To find a comprehensive, rigorous, yet elegant solution for representing 
vCard in RDF, it is beneficial to take a step back and find out the 
context in which vCard was created. vCard was not created in a vacuum. 
The title of RFC 2426, vCard MIME Directory Profile, gives a hint about 
its status in life. vCard is formulated as a profile of a more general 
text/directory MIME storage format defined in RFC 2425, A MIME 
Content-Type for Directory Information , much in the same way that the 
FOAF Vocabulary Specification is an ontology of RDF. Most of the 
syntactical requirements of each vCard content line, and even many 
semantic entities such the language parameter type, are defined in RFC 
2425 (Directory) and only included by reference in RFC 2426 (vCard). 
Many individual semantic elements specific to RFC 2426 (vCard), such as 
the meaning of the N name components, are in turn derived from ITU-T 
X.520 and X-521.

The relationship of vCard to the Directory syntax and framework is 
especially interesting because of another similar format that some have 
attempted to convert to RDF+XML: RFC 2445, Internet Calendaring and 
Scheduling Core Object Specification (iCalendar). The iCalendar format 
has recently become popular by providing interoperability among such 
applications as Apple's iCal and Mozilla's Sunbird. Although RFC 2445 
(iCalendar) explicitly states that it is not technically a profile of 
RFC 2425 (Directory), it is "based upon the syntax" and "does reuse a 
number of elements" from that specification.

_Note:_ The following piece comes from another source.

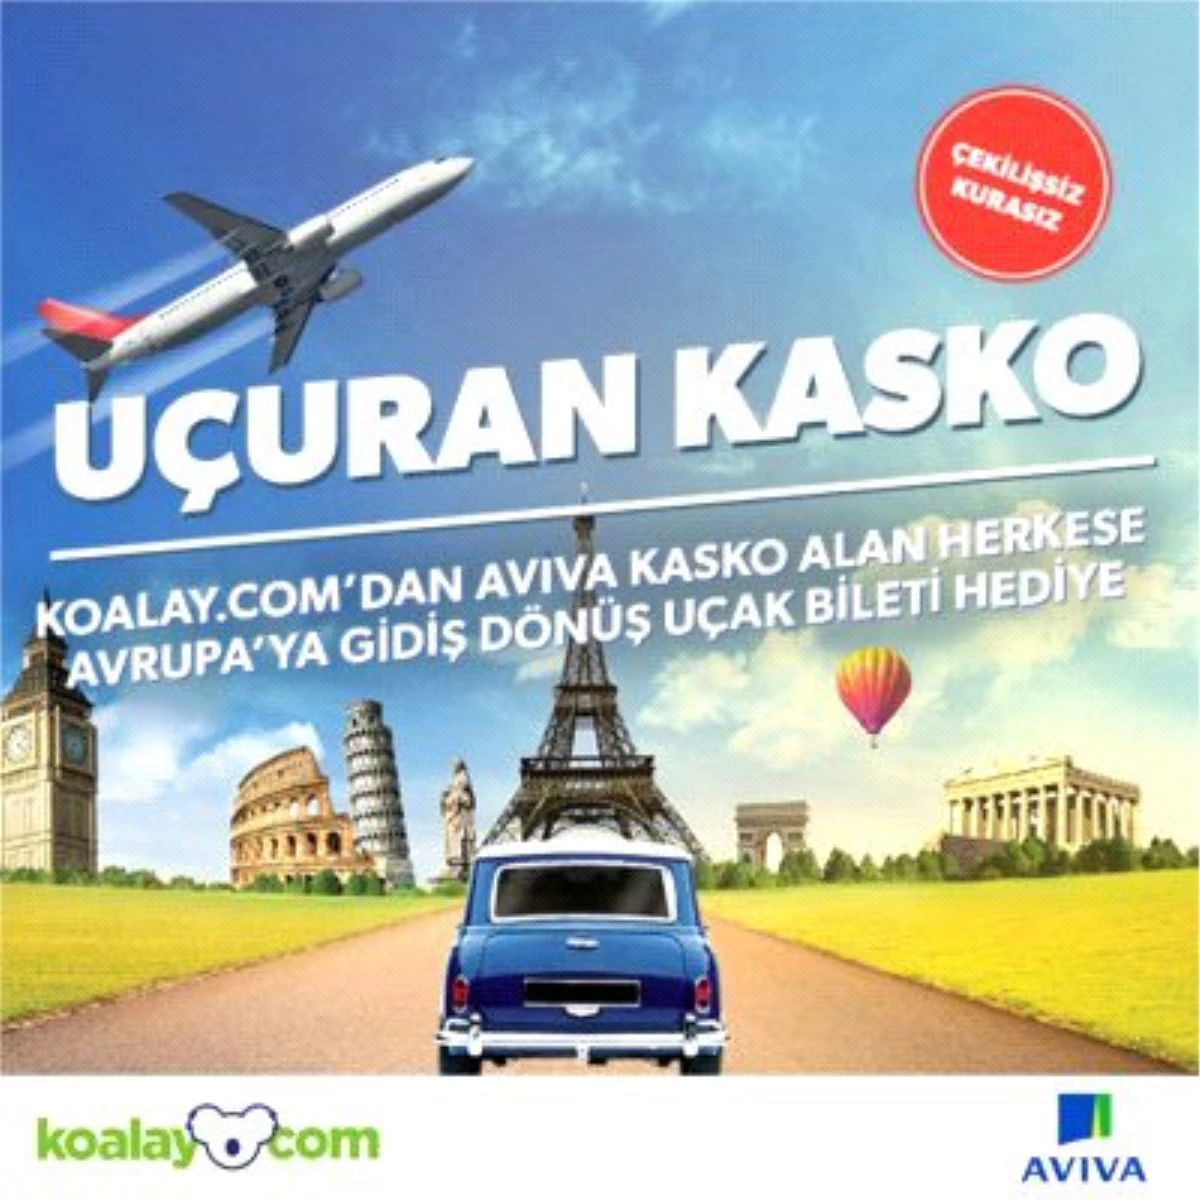 Kasko Sigortasını Koalay.com\'da Yaptıranlar Avrupa\'ya Gidiş Dönüş Uçak Bileti Kazanacak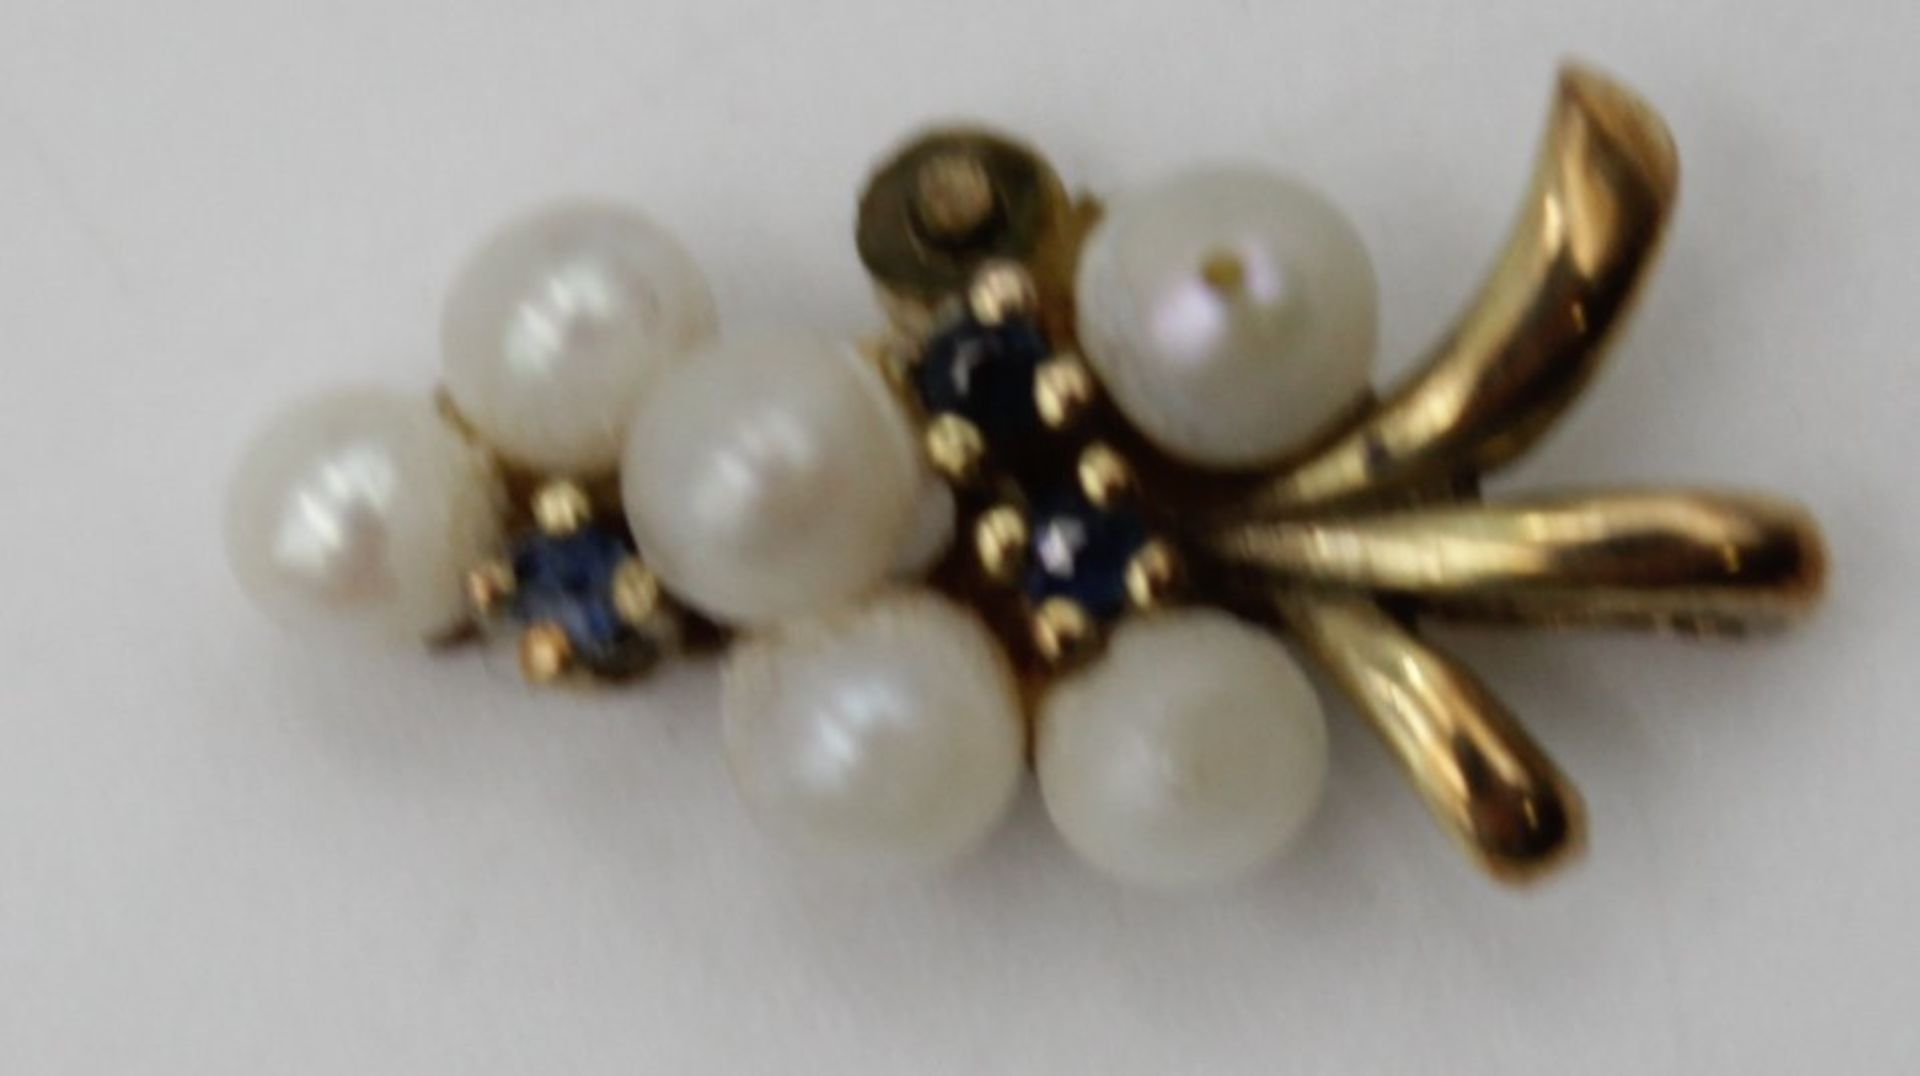 Anhänger Gold 333 mit Perlen Besatz u. Salire , eine Perle fehlt , L 1,7 cm zusammen 1,1gr.

This close relationship among RFC 2425 (Directory), RFC 2426 (vCard), 
and RFC 2445 (iCalendar) becomes significant when formulating an RDF 
version of vCard. Some parts of an RDF vCard vocabulary might be better 
generalized in light of its relationship to a more general framework, 
Directory. Furthermore, the experience of efforts to create an RDF 
version of iCalendar, such as represented by the W3C's RDF Calendar 
Workspace, may have bearing on attempts to do the same with vCard and 
vice versa. (One obvious consideration that can be mentioned already is 
that the W3C RDF Calendar effort uses lowercase names for iCalendar RDF 
properties.)

The FOAF Name Problem

Related to this discussion is an ontological design issue that has been 
raised by the Friend of a Friend (FOAF) Project, which has a goal of 
"creating a Web of machine-readable pages describing people, the links 
between them and the things they create and do." The aforementioned FOAF 
Vocabulary Specification defines an RDF ontology that includes such 
types as foaf:Person and foaf:Organization. Also included are properties 
relevant to humans, such as foaf:name, foaf:mbox, foaf:homepage, and 
even foaf:myersBriggs and foaf:dnaChecksum (the latter of which is 
admitted to be "mostly a joke" to reiterate the purpose of FOAF in 
describing people).

FOAF obviously covers some of the same metadata ground as does vCard, 
especially with its foaf:name property. Also included are other 
name-related properties such as foaf:firstName, foaf:givenname, 
foaf:firstName, foaf:family_name, and foaf:surname. It has been noted 
that the syntax and semantics of these names seem haphazard, incomplete, 
and conflicting all at the same time. This FOAF name vocabulary issue 
has been under discussion since at least as far back as 2000, with no 
resolution yet reported and no progress apparent for the past few years 
as of 2007. One proposal, Names in Foaf, tries to combine the "adopt 
existing guidelines" and "roll your own" approaches by creating a single 
foaf:sortName property, the value of which is an ordered list of RDF 
classes, each representing a component of the name, such as in this example:

<foaf:Person>
<foaf:sortName xml:lang="es" rdf:parseType="Resource">
<rdf:li><foaf:FamilyName rdf:value="Smith"/></rdf:li>
<rdf:li><foaf:GivenName rdf:value="Maria"/></rdf:li>
<rdf:li><foaf:GivenName rdf:value="Ann"/></rdf:li>
<rdf:li><foaf:GivenName rdf:value="May"/></rdf:li>
<rdf:li><foaf:HonorificTitle rdf:value="Jr."/></rdf:li>
<rdf:li><foaf:HonorificTitle rdf:value="M.D."/></rdf:li>
</foaf:sortName>
</foaf:Person>
</rdf:RDF>

While this proposal makes no explicit reference to RFC 2426 (vCard) and 
its predecessor specifications, the similarity is striking. There are 
some detractions from this proposal, though:

* On the face of it, it's convoluted. The actual name components are 
indicated by property, but by class name. Furthermore, their 
relationship to the resource is that of an rdf:li property of a blank 
node value of the foaf:sortName property.
* Using the rdf:li property, here again, is outdated and, as used, not 
defined by the standard. Apparently the blank node value of 
foaf:sortName is being used as a sort of un-typed rdf:Seq, even though 
this is not made explicit. A more modern approach would be to use an 
rdf:parseType of Collection to create an ordered rdf:List, but the other 
issues listed here would still remain.
* Although the similarity to an existing standard, vCard, is obvious, 
there is no defined relationship that would make conversion between 
frameworks straightforward as well as provide insight useful in other 
projects such as W3C's RDF Calendar project.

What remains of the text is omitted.